*DATA BLOCK*:
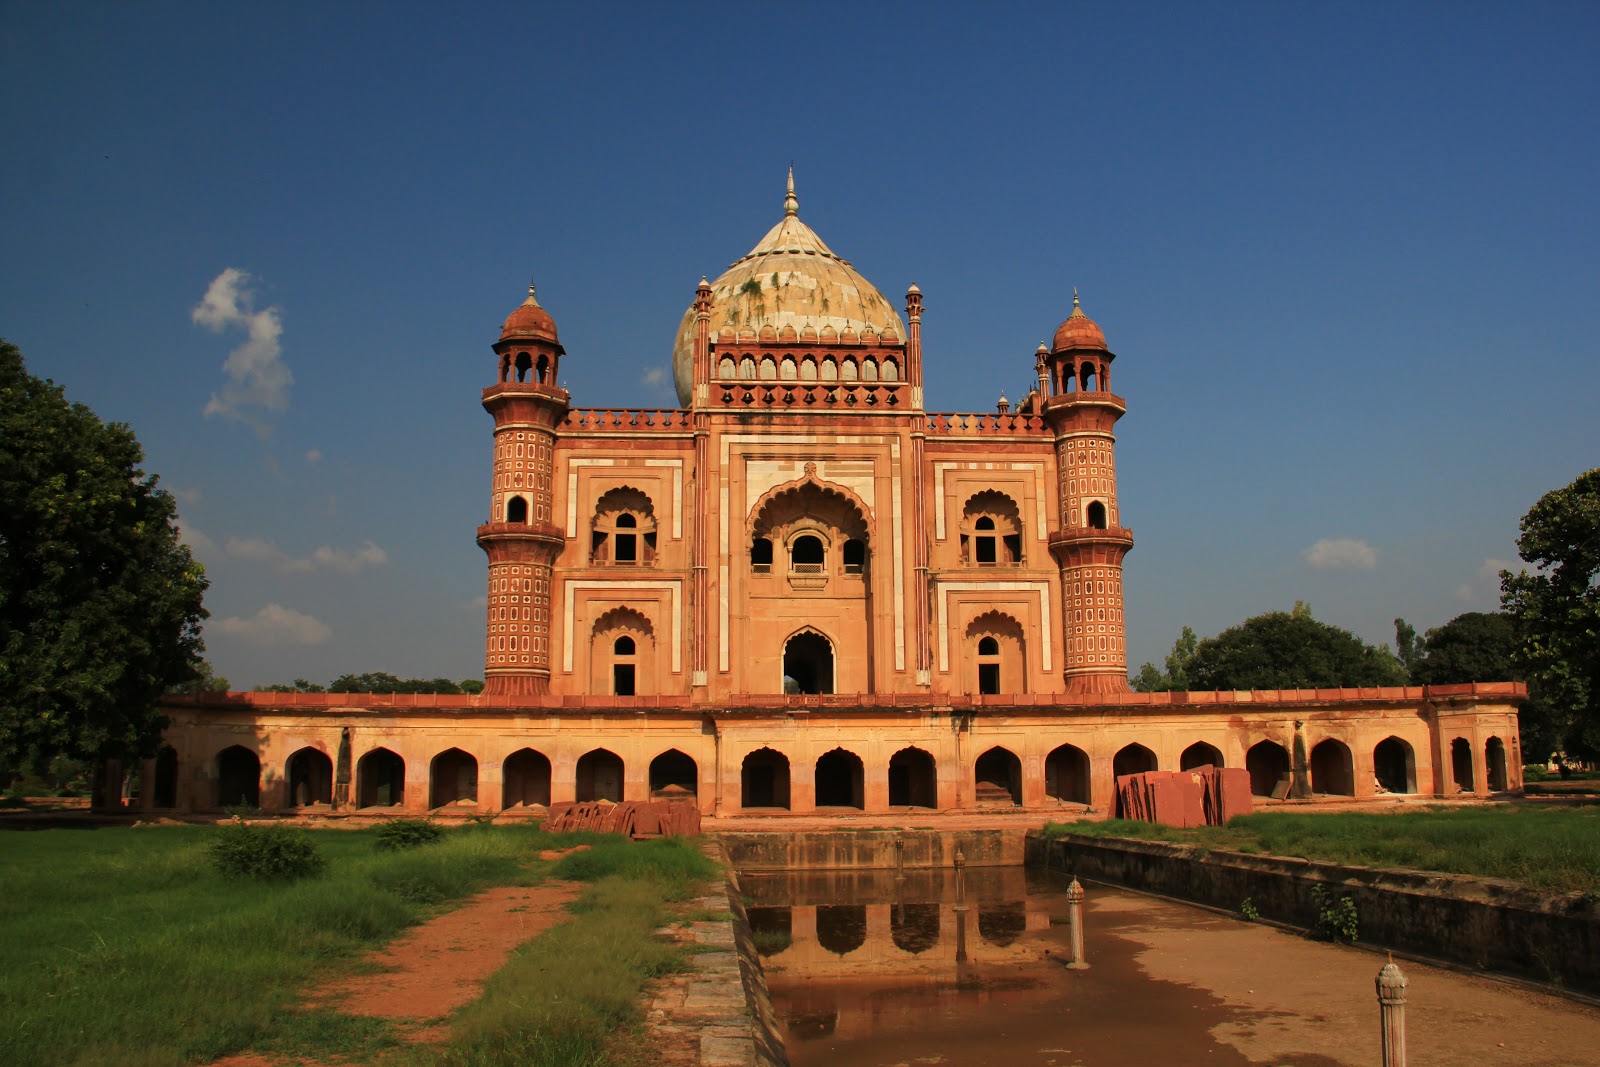 Old Monuments are Delhi's pride and Glory - India Travel Blog
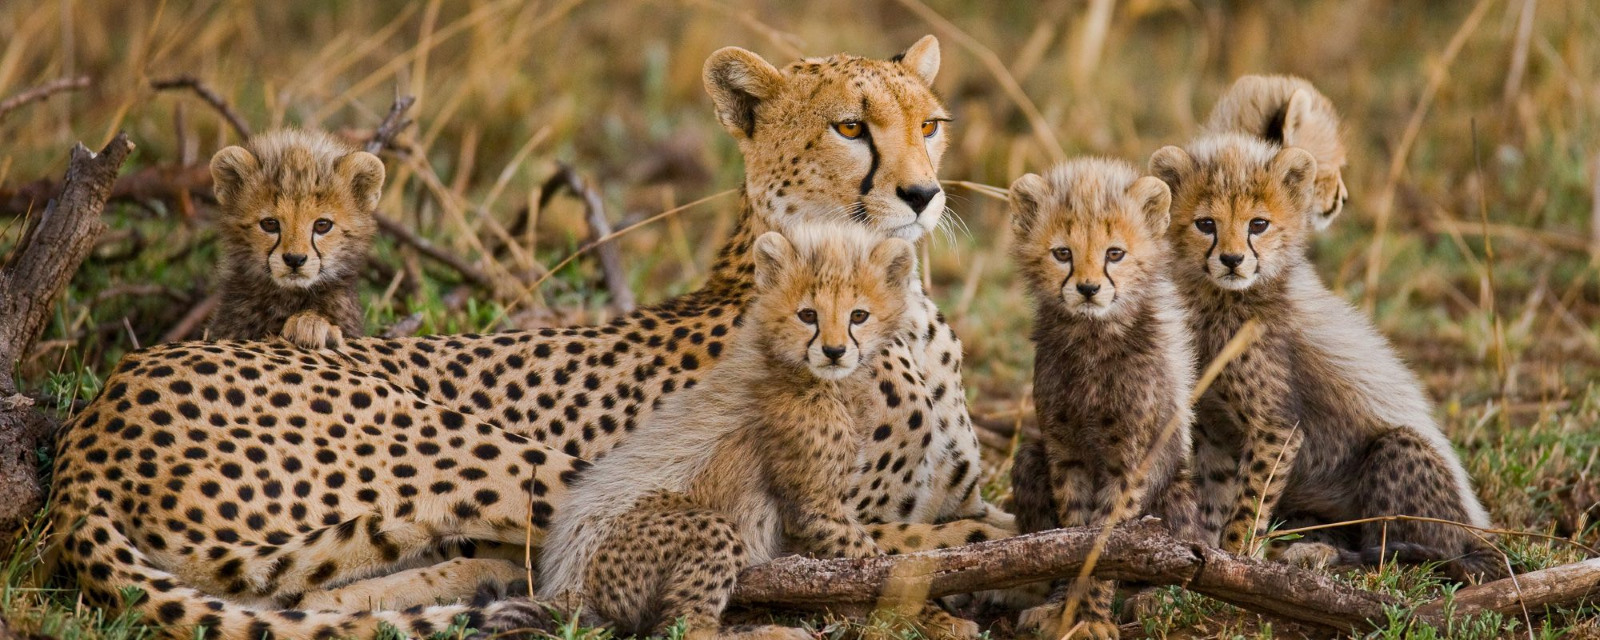 Cheetah with Cubs
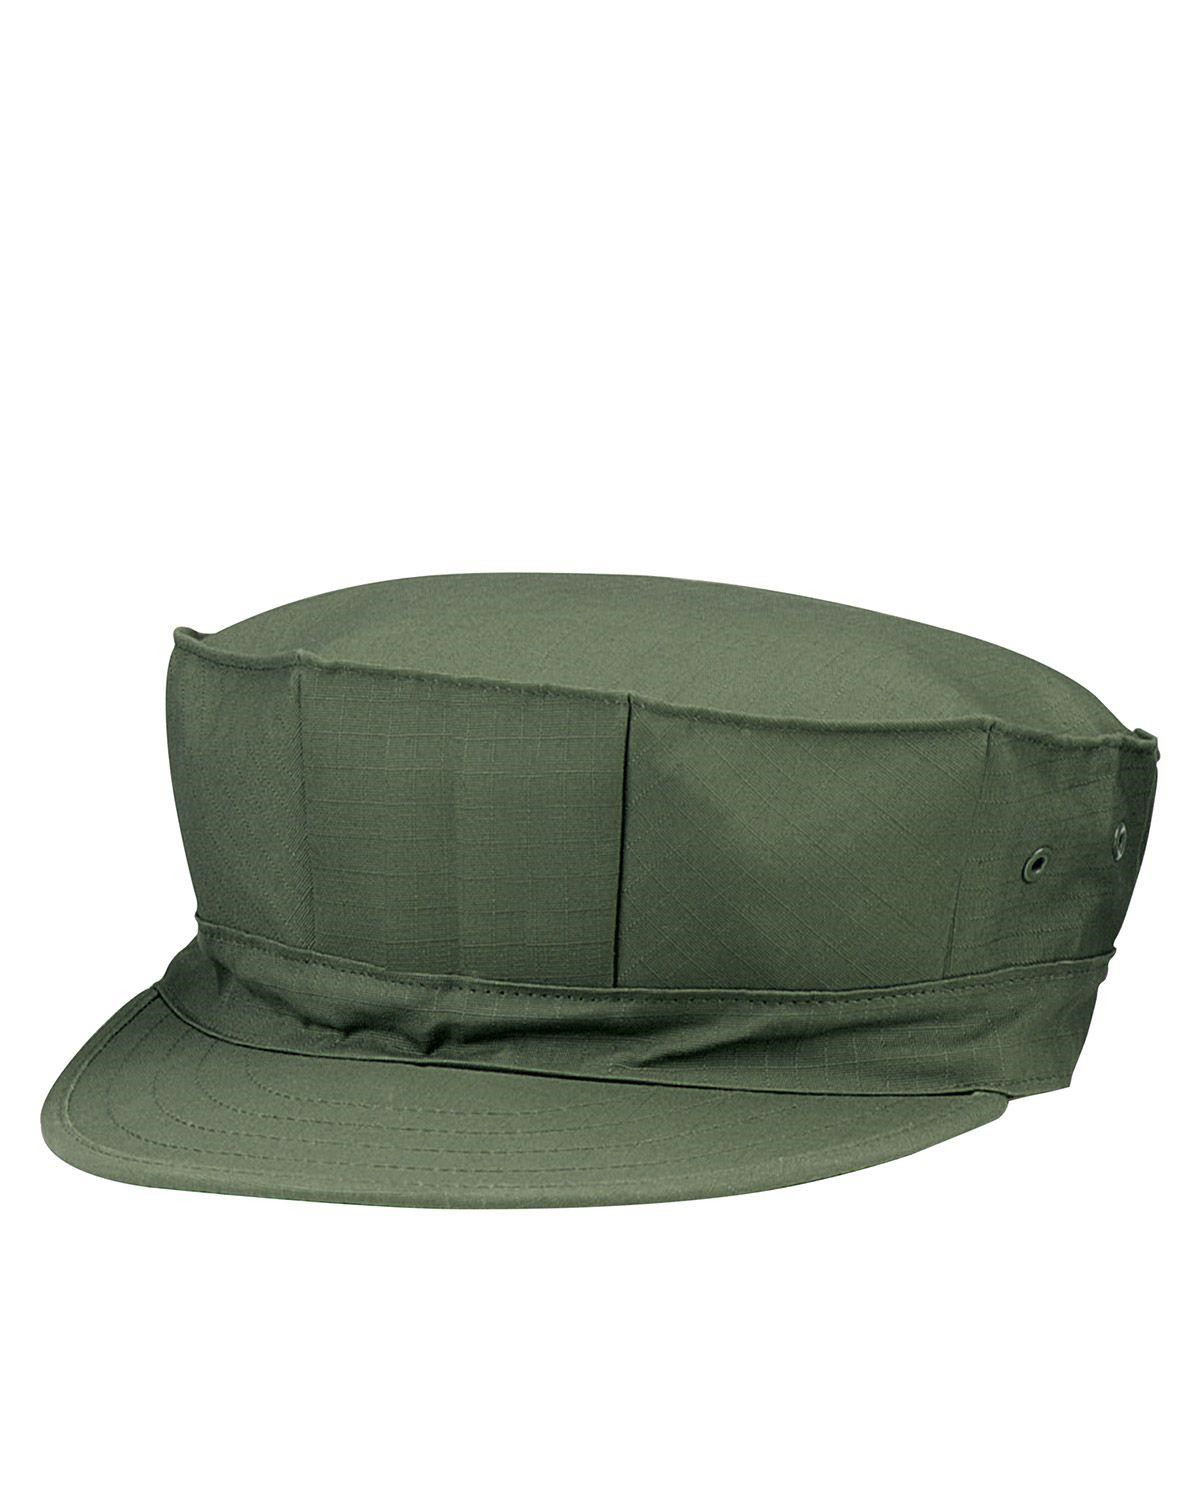 Rothco US Marine Corps Cap - Poly/Bomuld (Oliven, M)
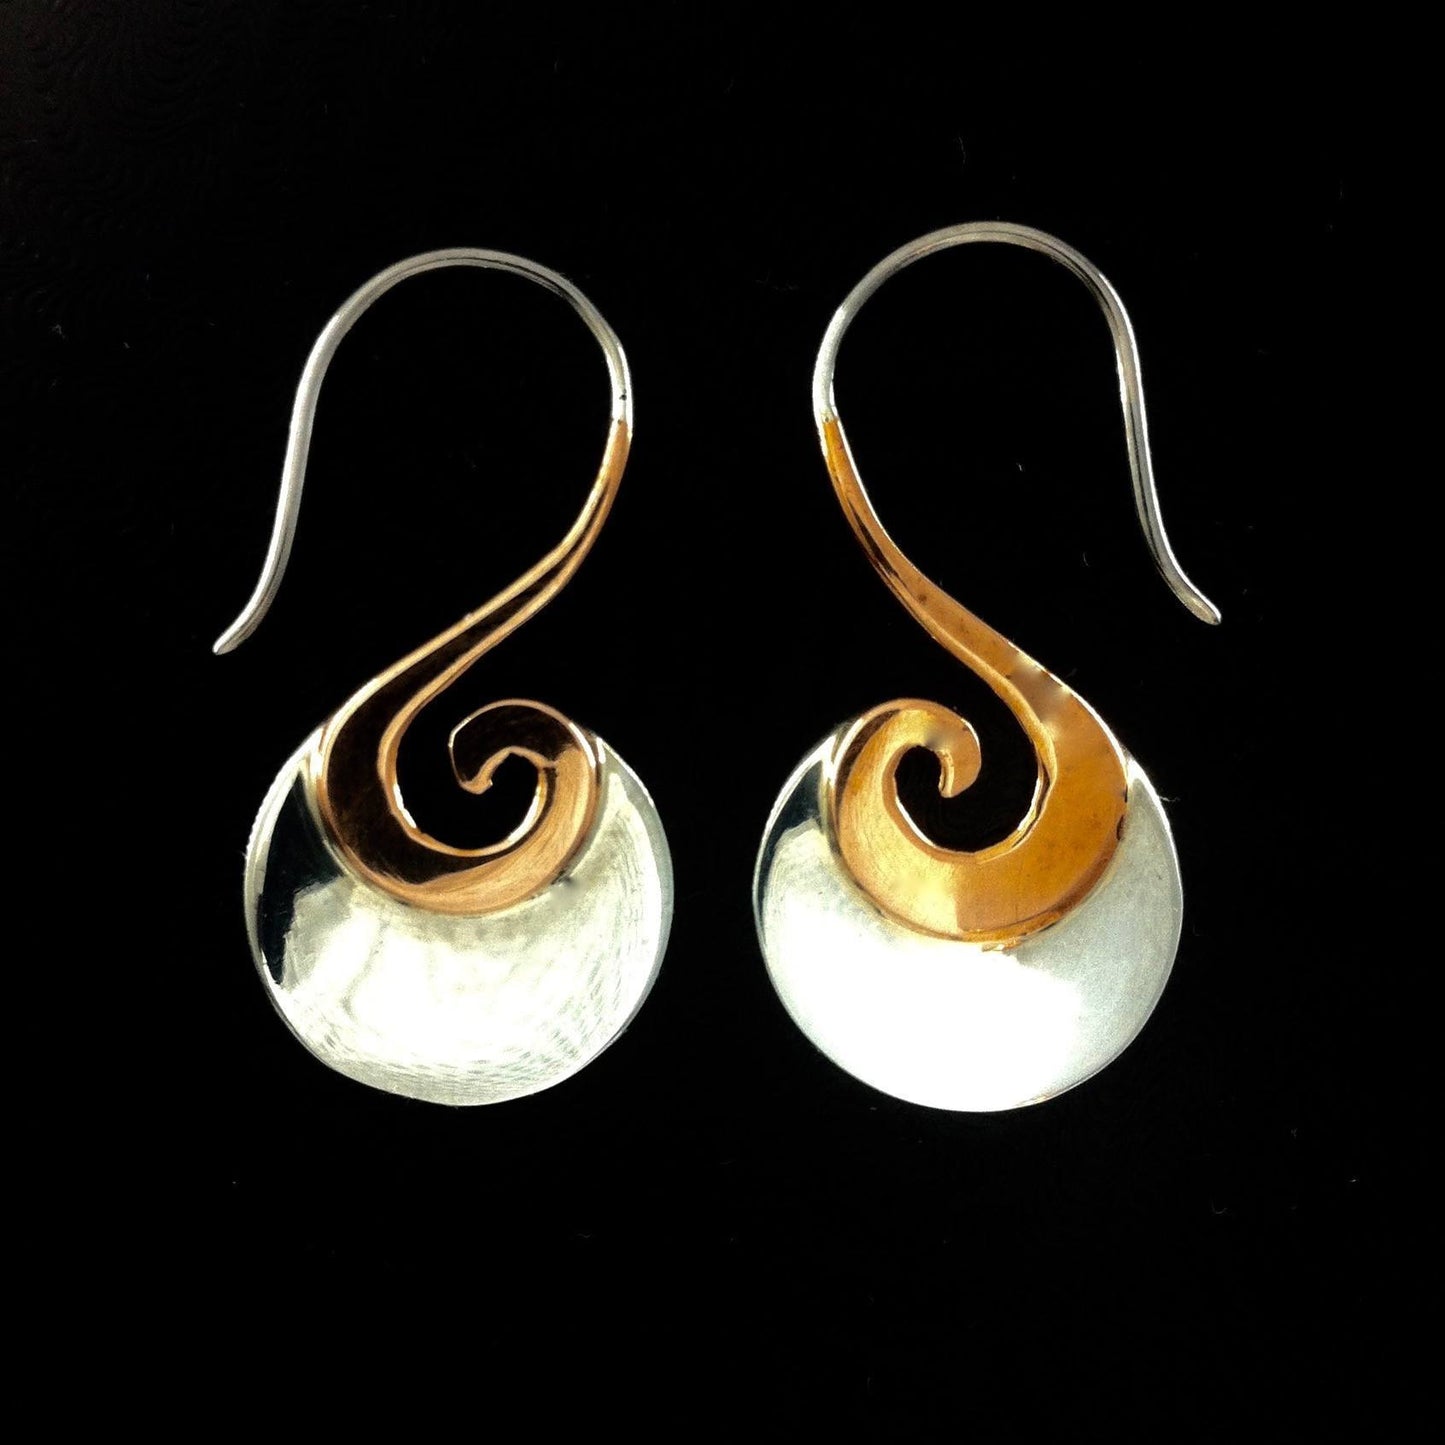 Tribal Jewelry :|: Sterling Silver Earrings, with copper highlights, $34 | Tribal Earrings

*TASK OBJECTIVE*: The whole listing above needs to be copied exactly; please keep the pictures out.

*OUTPUT OF THE TASK*:
 Old Monuments are Delhi's pride and Glory - India Travel Blog
 Cheetah with Cubs
 Rothco US Marine Corps Cap - Poly/Bomuld (Oliven, M)
 Tribal Jewelry :|: Sterling Silver Earrings, with copper highlights, $34 | Tribal Earrings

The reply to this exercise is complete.